“I don’t care. He shouldn’t—”
She got up, rubbed her cheeks with her hand because they were burning, and, with a glance at Philip’s photograph (someone she had known years ago and would never know again), went out. The house was silent, and she met no one. As she crossed the lawn she thought: “How absurd! We’ve quarrelled—a real quarrel”—then—“It wasn’t my fault. He shouldn’t—” She held her head very high indeed as she walked down the road to the Bridge, but she saw no one, felt no rain upon her cheek, was not conscious that she was moving. At the door of the Schools she saw Mrs. Smart, and heard someone say quite sensibly and happily:
“We’re early. There won’t be many this afternoon, I expect.”
“Mrs. Douglas has told me that she won’t be able to come—I wonder, Katie, whether you’d mind taking—”
“Why, of course.”
Mrs. Smart was little and round and brown like a pippin. She was always breathless from having more to wrestle with than she could grasp. She was nervous, too, and short-sighted, and the one governing motive of her life was to bear her husband a son. She had now four daughters; she knew that her husband felt it very deeply. She had once unburdened herself to Katherine, but, after that, had been shyer with her than before. Katherine, against her will, had been often irritated by Mrs. Smart—she had wondered at her restlessness and incapacity to keep up with the business in hand, but to-day, out of the sinister gloom of that horrible afternoon, the little woman seemed to Katie suddenly sympathetic, eloquent, moving. Katie could hear her voice, rather husky, rather uncertain, on that afternoon of her confession: “... and we did really hope that Lucy would be a boy, we really did. He would have been called Edward. Harold has such plans for a son—we have often thought together what we would do ... and now, I’m afraid....”
Inside the schoolroom door Katie paused, looked at the room with the bare benches arranged in squares, the shining maps of the world and Europe, the case with beetles and butterflies, the hideous harmonium.
She suddenly caught Mrs. Smart’s hand and pressed it through the damp little glove. She knew that Mrs. Smart would be surprised—she had never been demonstrative to her before.... She moved to her part of the room, three only of her class were present, and to these were added two small boys from another division.
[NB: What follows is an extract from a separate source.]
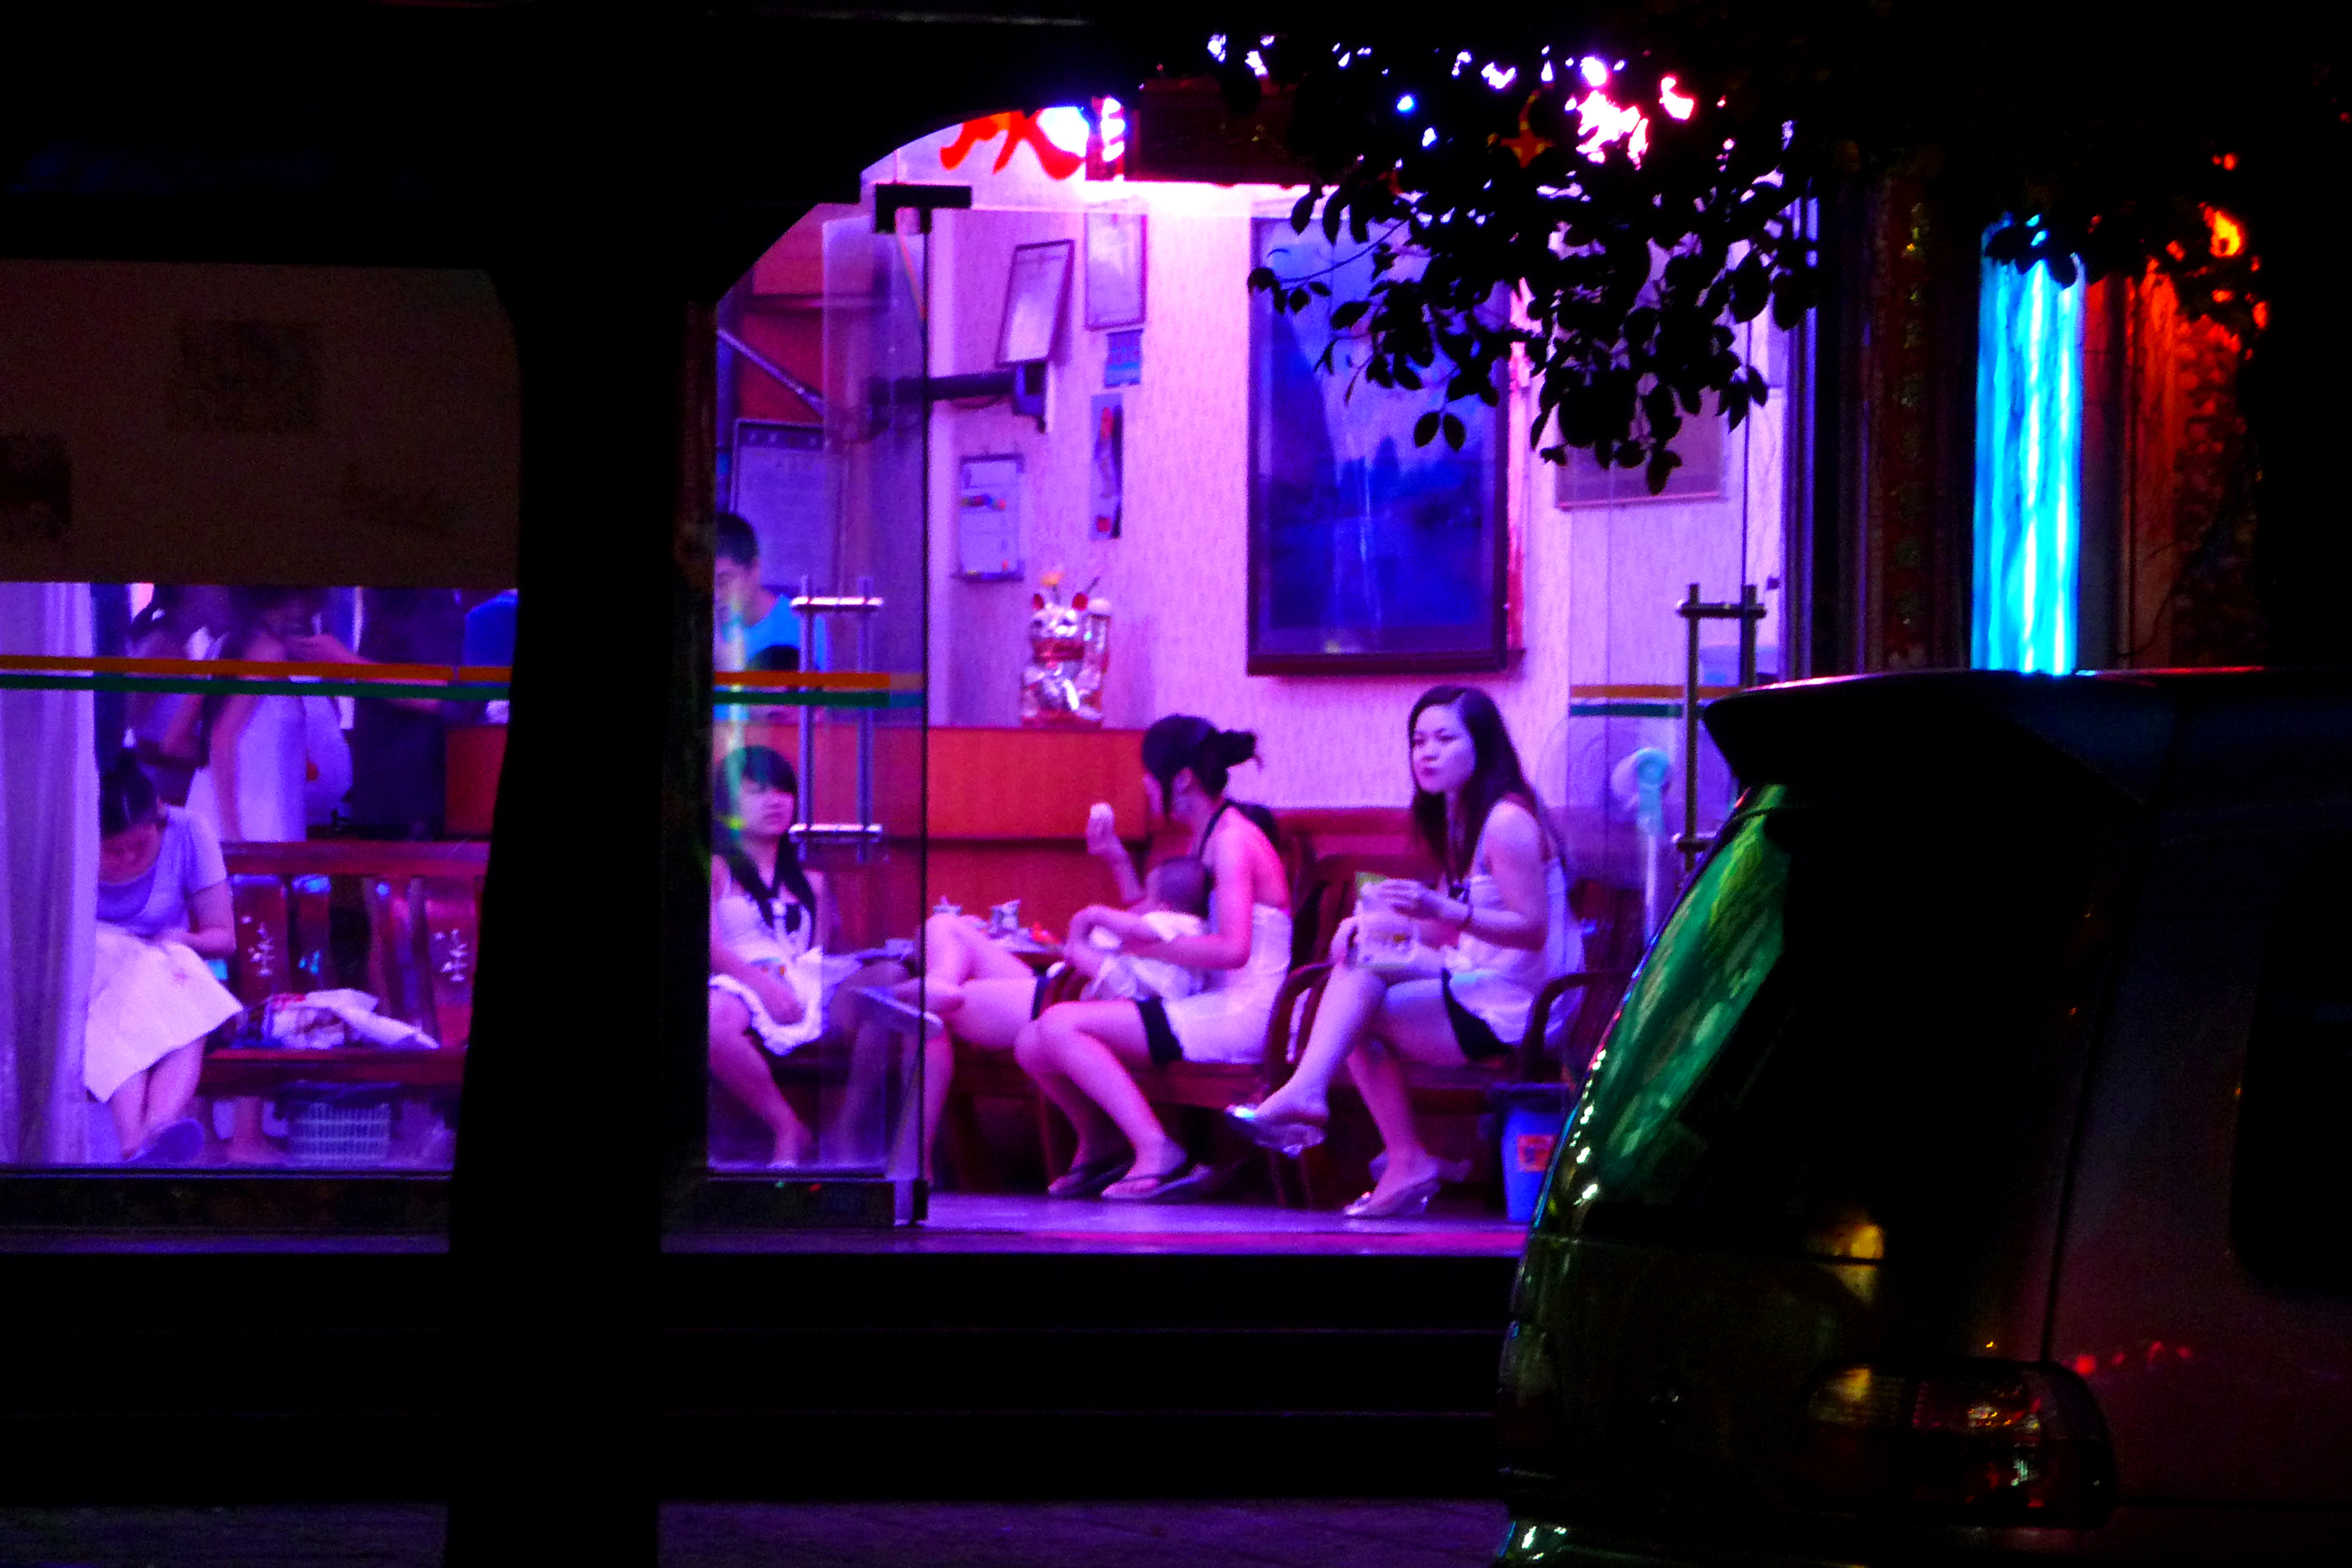 Car and sex in Shenzhen

“Now, children,” said Mr. Smart’s cheerful voice (he always spoke to boys as though he were luring animals into a cage), “let us start with hymn No. 436, shall we?” After the hymn, a prayer, and then, for an hour that subdued, restrained hum which belongs to the Sunday School only; being religious as well as disciplined, persuasive as well as obedient. Katherine now was very proud—as she said: “Well, Robin, and what did Moses do then?” she was thinking—“But he must come to me—that’s fair. It was not my fault. He blamed me first for not speaking, and afterwards when I did speak.... Besides, if it’s all over and finished, why should he mind?” She looked very young as she sat there, her mouth hard and set and her eyes full of trouble. Her sensation was as though she had been suddenly marooned; the desolation, the terror, the awful loneliness came, as the evening fell, creeping up towards her. “Suppose he never makes it up—Suppose he goes away and leaves me.” She caught her hands tightly together on her lap and her breath suddenly left her.
“Yes, Johnny. His name was Aaron. That’s right.”